- [PROBLEM DETAILS]:
Set the data below down again, exactly, with every picture left out.

- [DATASET EXTRACT]:
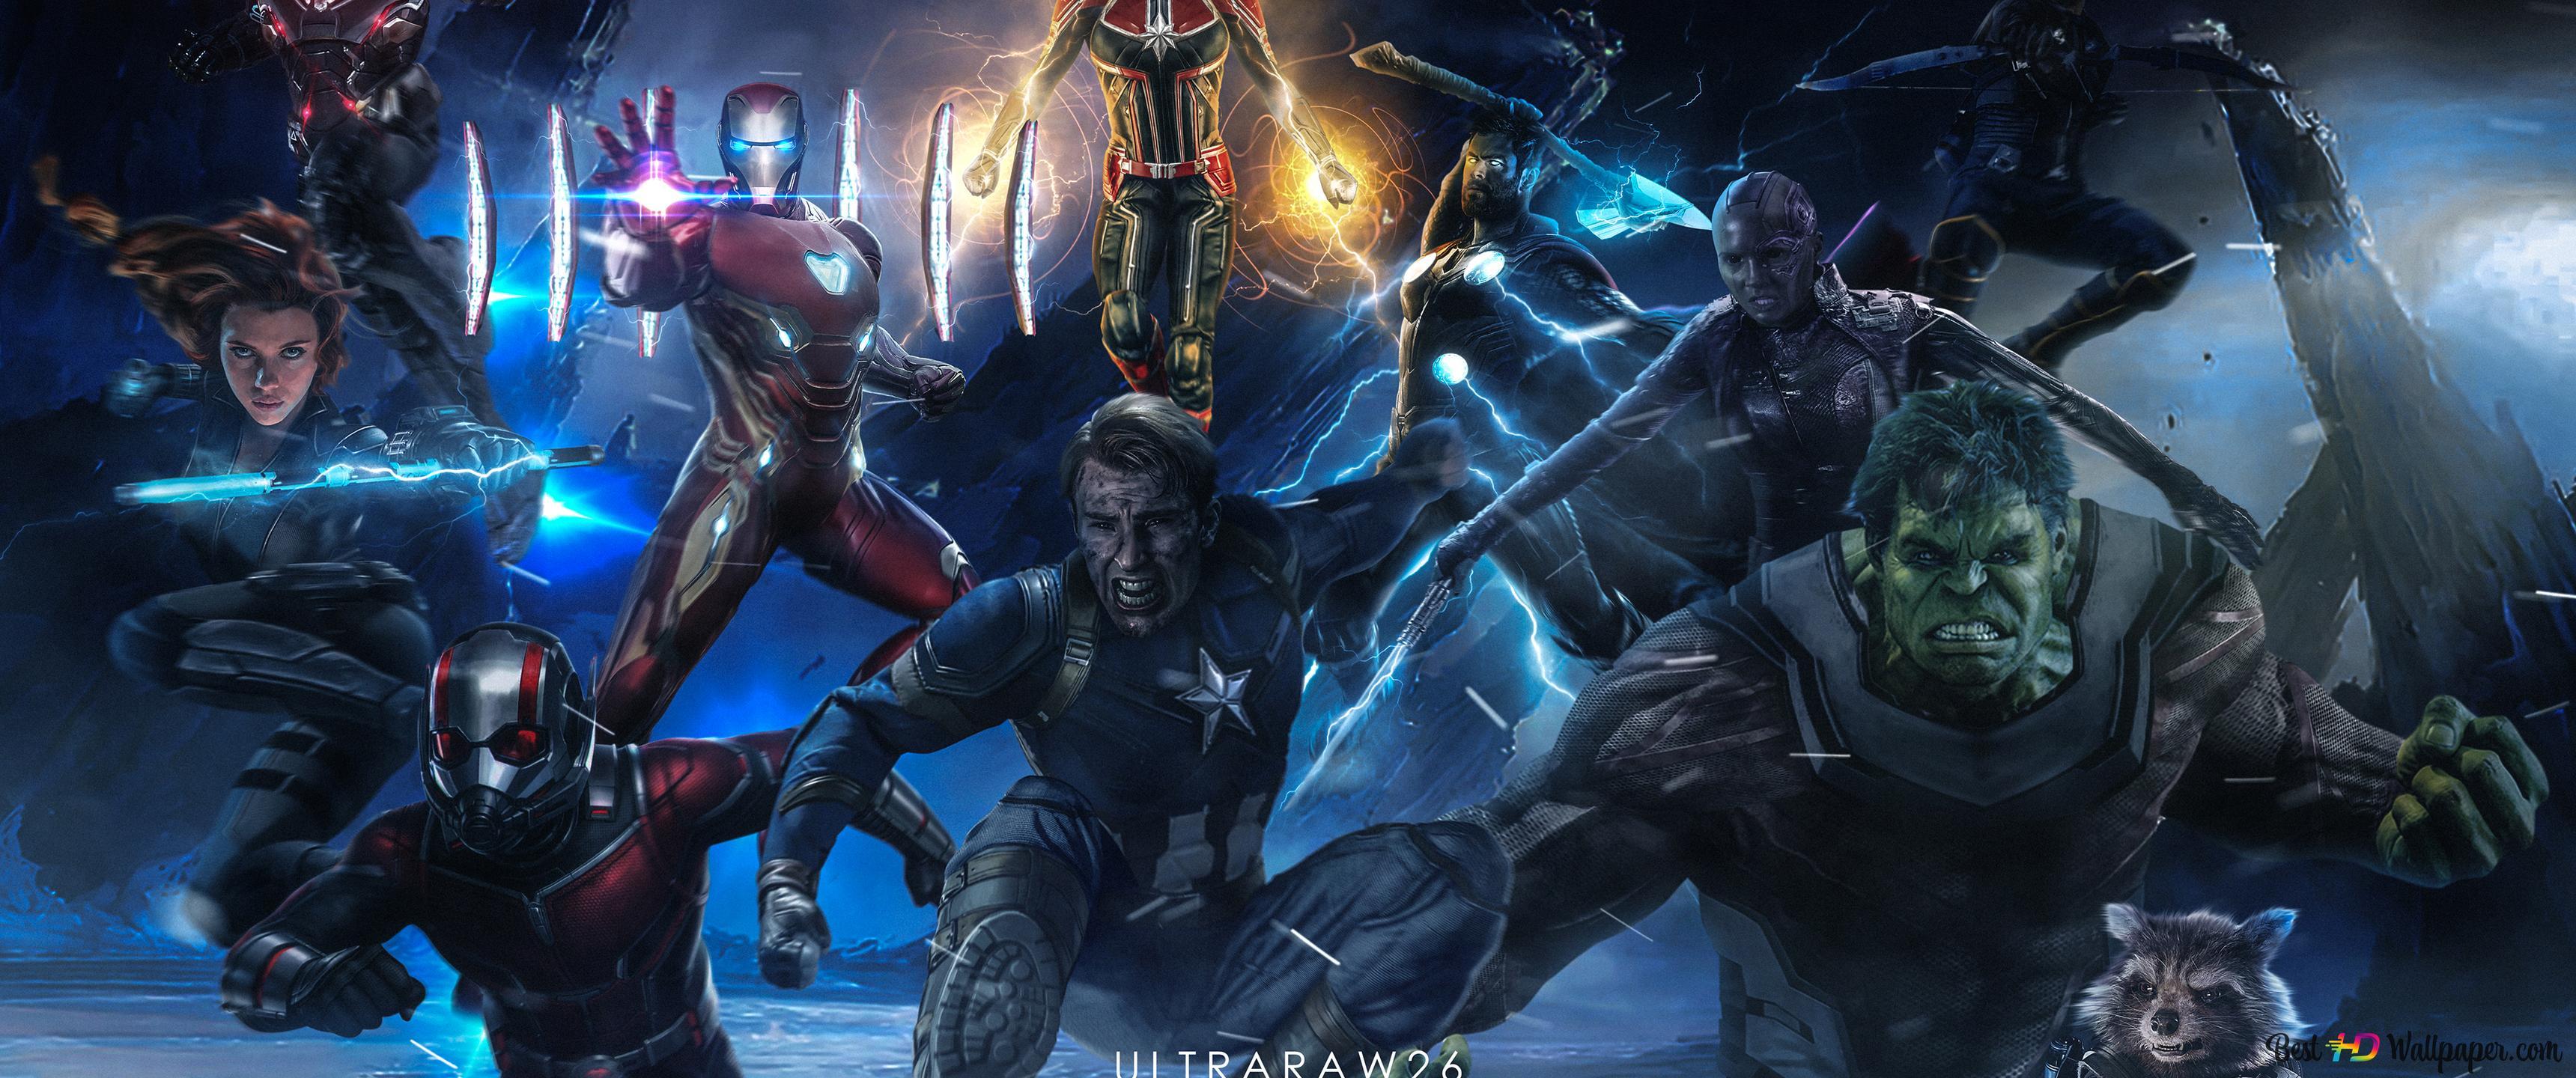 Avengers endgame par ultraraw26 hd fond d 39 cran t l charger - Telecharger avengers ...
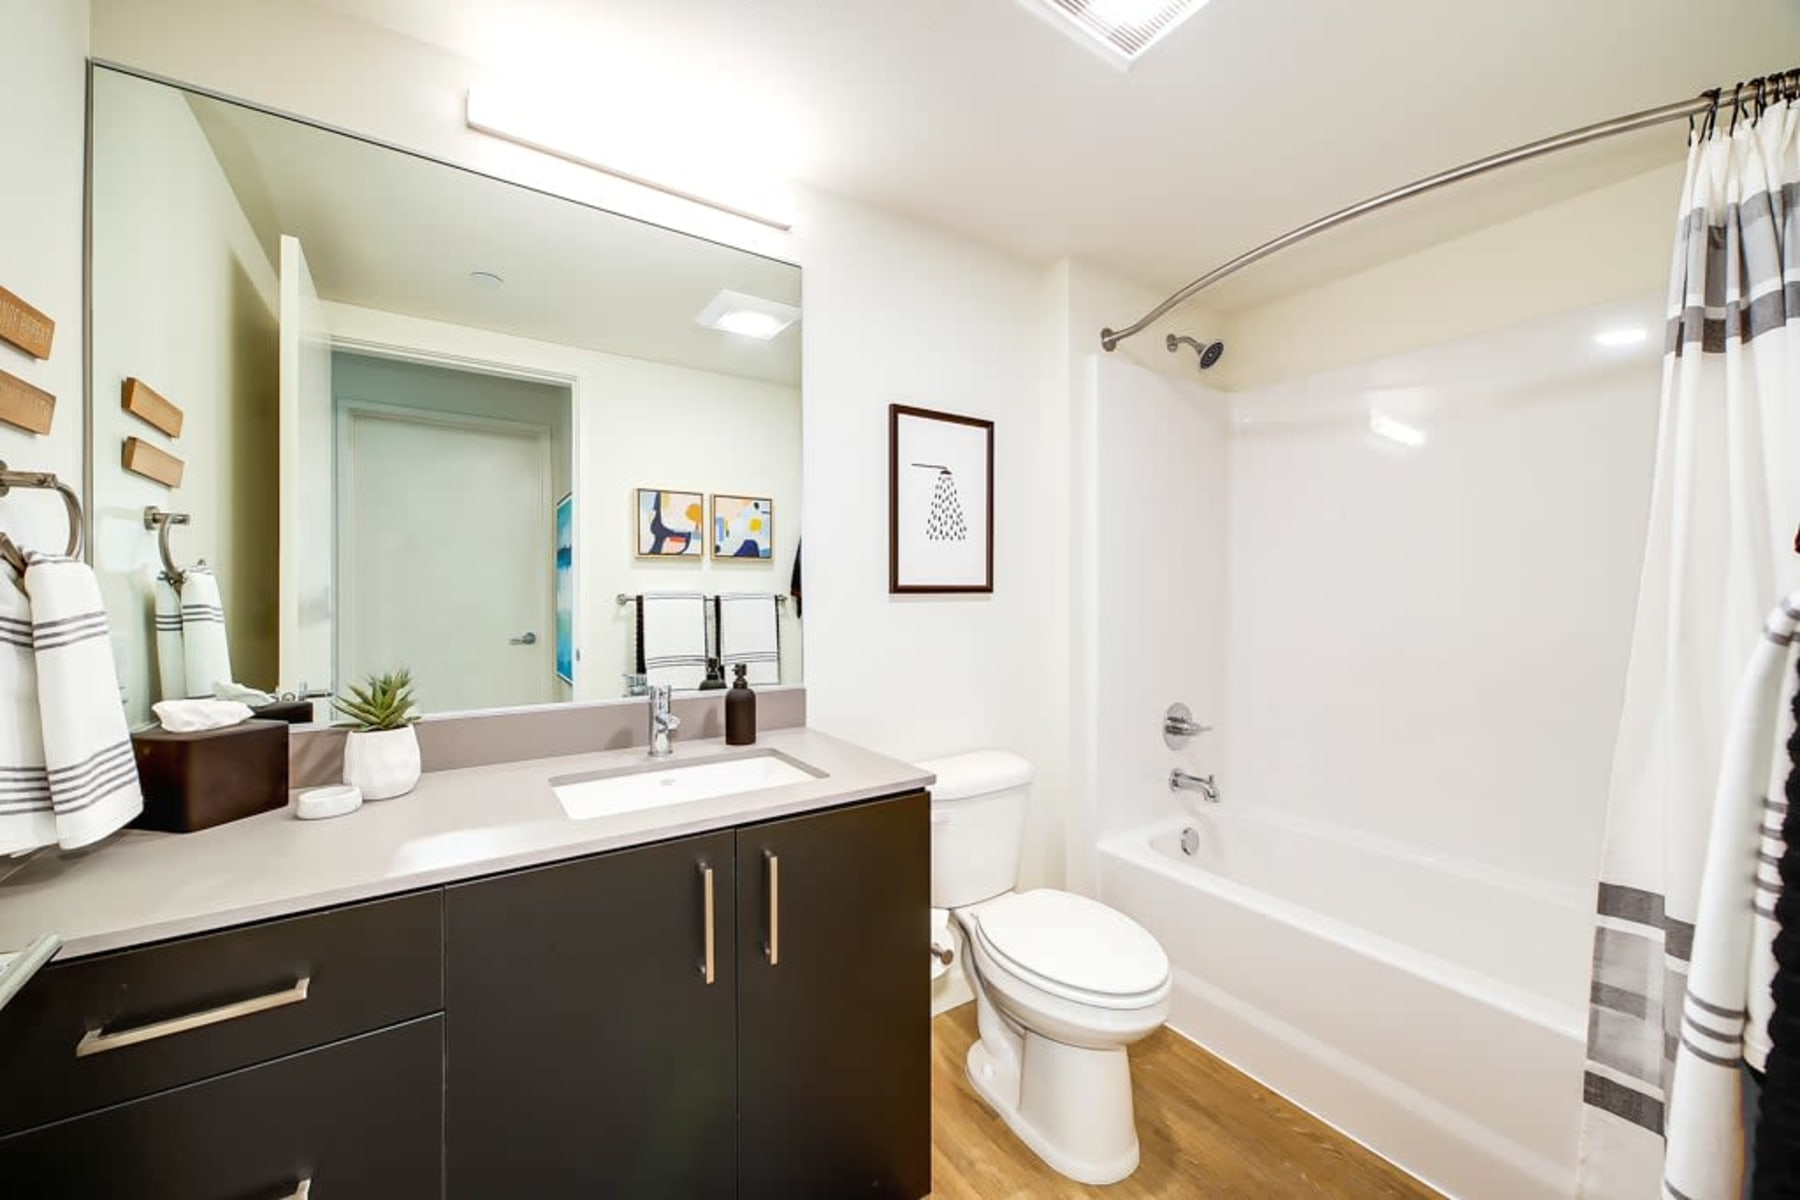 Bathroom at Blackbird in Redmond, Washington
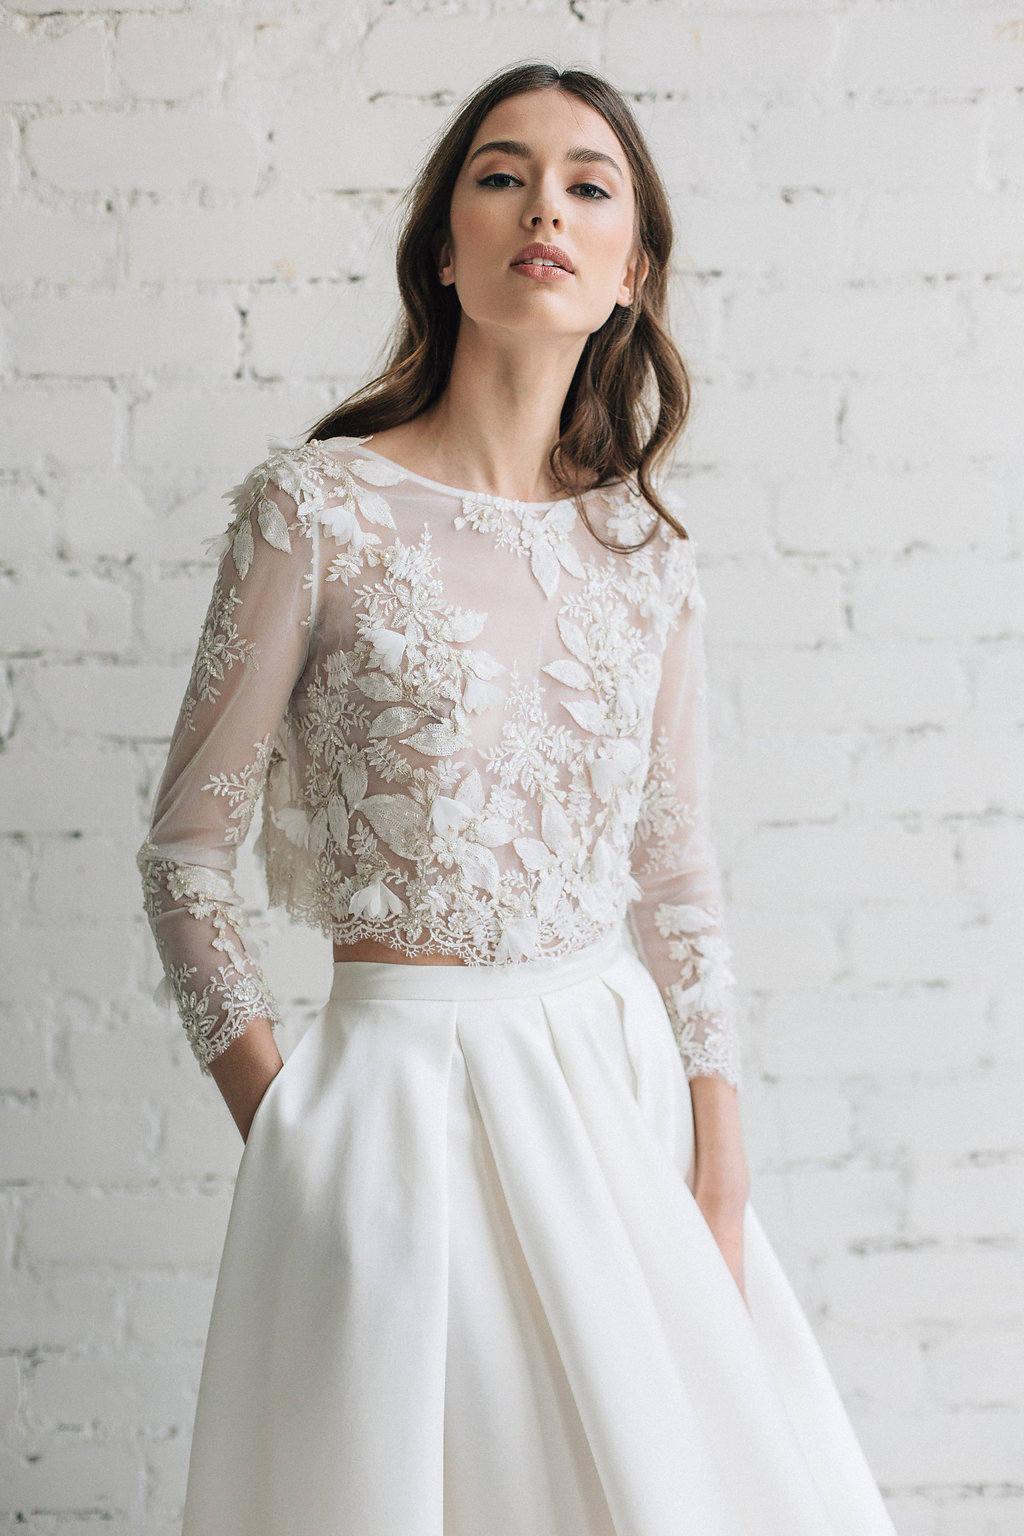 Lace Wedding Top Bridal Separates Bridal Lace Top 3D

- [WORKED SOLUTION]:
 Avengers endgame par ultraraw26 hd fond d 39 cran t l charger - Telecharger avengers ...
 Bathroom at Blackbird in Redmond, Washington
 Lace Wedding Top Bridal Separates Bridal Lace Top 3D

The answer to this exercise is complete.